We drove back to their hotel and Jack got out of the car to wake Johnson up and get his suitcase along with the rest of his clothes. I say in the car thinking to myself, how I would continue when I've been on my high horse for so many weeks with both Jacks and now their both being snatched away from me at once.

This part, I don't think, is something to cry about. It will not be one of those romantic airport scenes where we hold each other and express our undying love for each other, because we'll see each other in less than a year. But as I say it in my head, that is a long time. I'll see Johnson soon, but not Jack G.

It's annoying because we've already spent a year apart, and now here's another one.

I guess it will be different though, a lot different. Technology is insane and we can always FaceTime, text, and call each other. I think it'll be rather fun, and kind of cute. Thinking about him smiling over a video chat gives me little butterflies. We sort of talked about it last night, but at the same time tried to avoid the subject. All he said was that talking to me and laying in bed while everyone else is at parties sounds more than fun to him, which is completely untrue, but it's nice that he says that.

Johnson comes out of the hotel front doors, puffy eyed with his loose backpack hanging off his shoulder. Jack G is so much taller than him, it's weird how they blend. I don't know what, but Jack nudges Johnson before saying something that I can't make out, the sides of his mouth softly turn up before he lightly shakes his head and mumbles something.

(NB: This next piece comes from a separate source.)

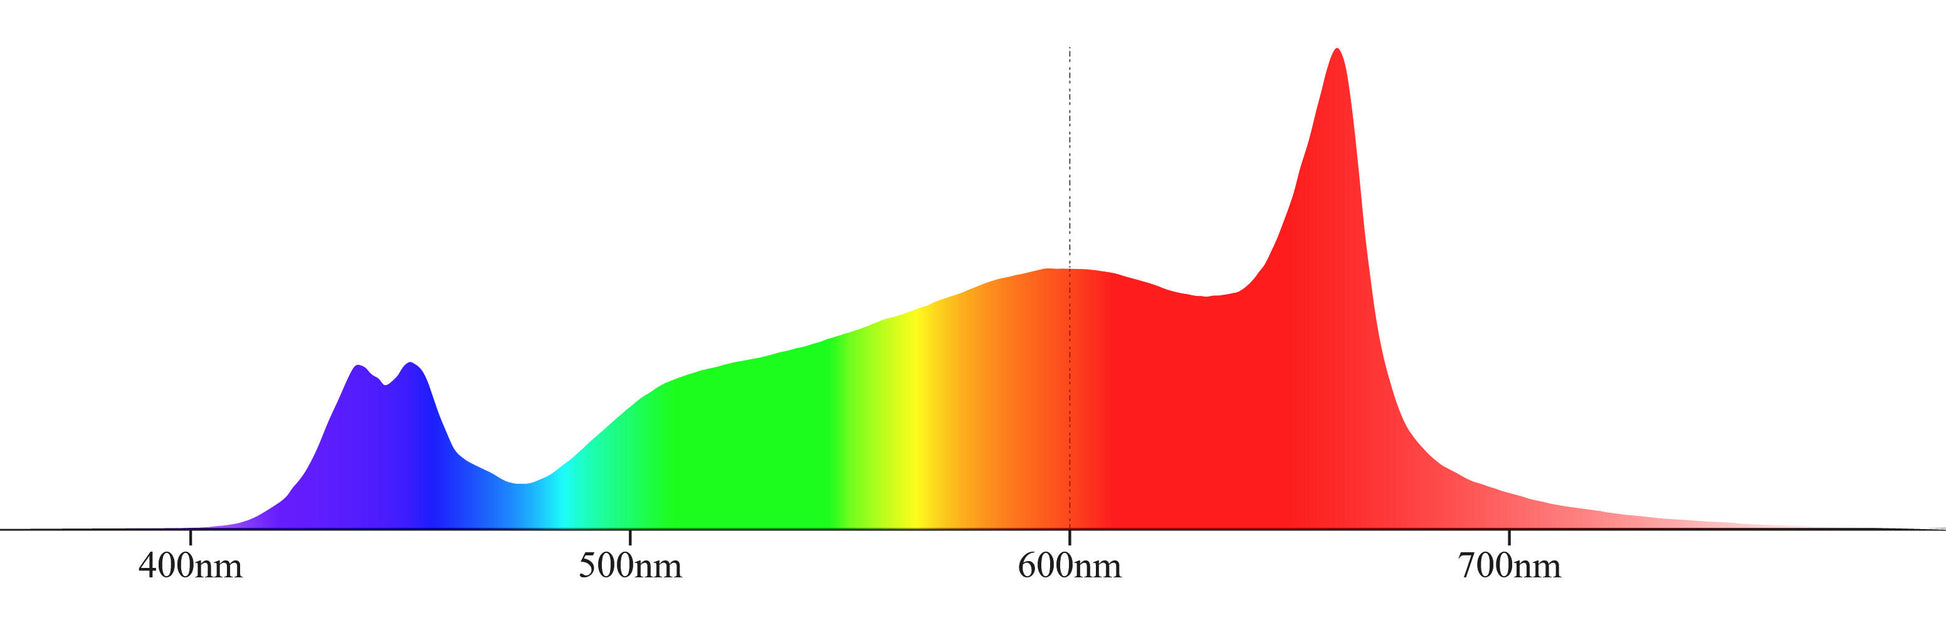 Spektralverteilungsgraph für Crescience Wingman 600 LED Grow Light, zeigt Wellenlängenbereiche.

Jack G's head falls back and he claps his hands together in youthful laughter, I'm glad they have each other.

-

The lady let me go to the gates, which I don't think is allowed. The JFK airport is so big so I thought she wouldn't, but she was old, I actually don't think she was paying attention to any of us.

The three of us were tired and the thought of going home and crashing onto my bed was really appealing, but I wish Jack would be in it with me.

"Don't cry. I'll see you in a month." Johnson's sarcastic, raspy voice says into my hair.

I laugh, "shut up." I mumble against his shoulder. He's right, that's why I'm not sobbing over him because I'll be practically seeing him every weekend, it's the Jackass one that I don't want to let go of.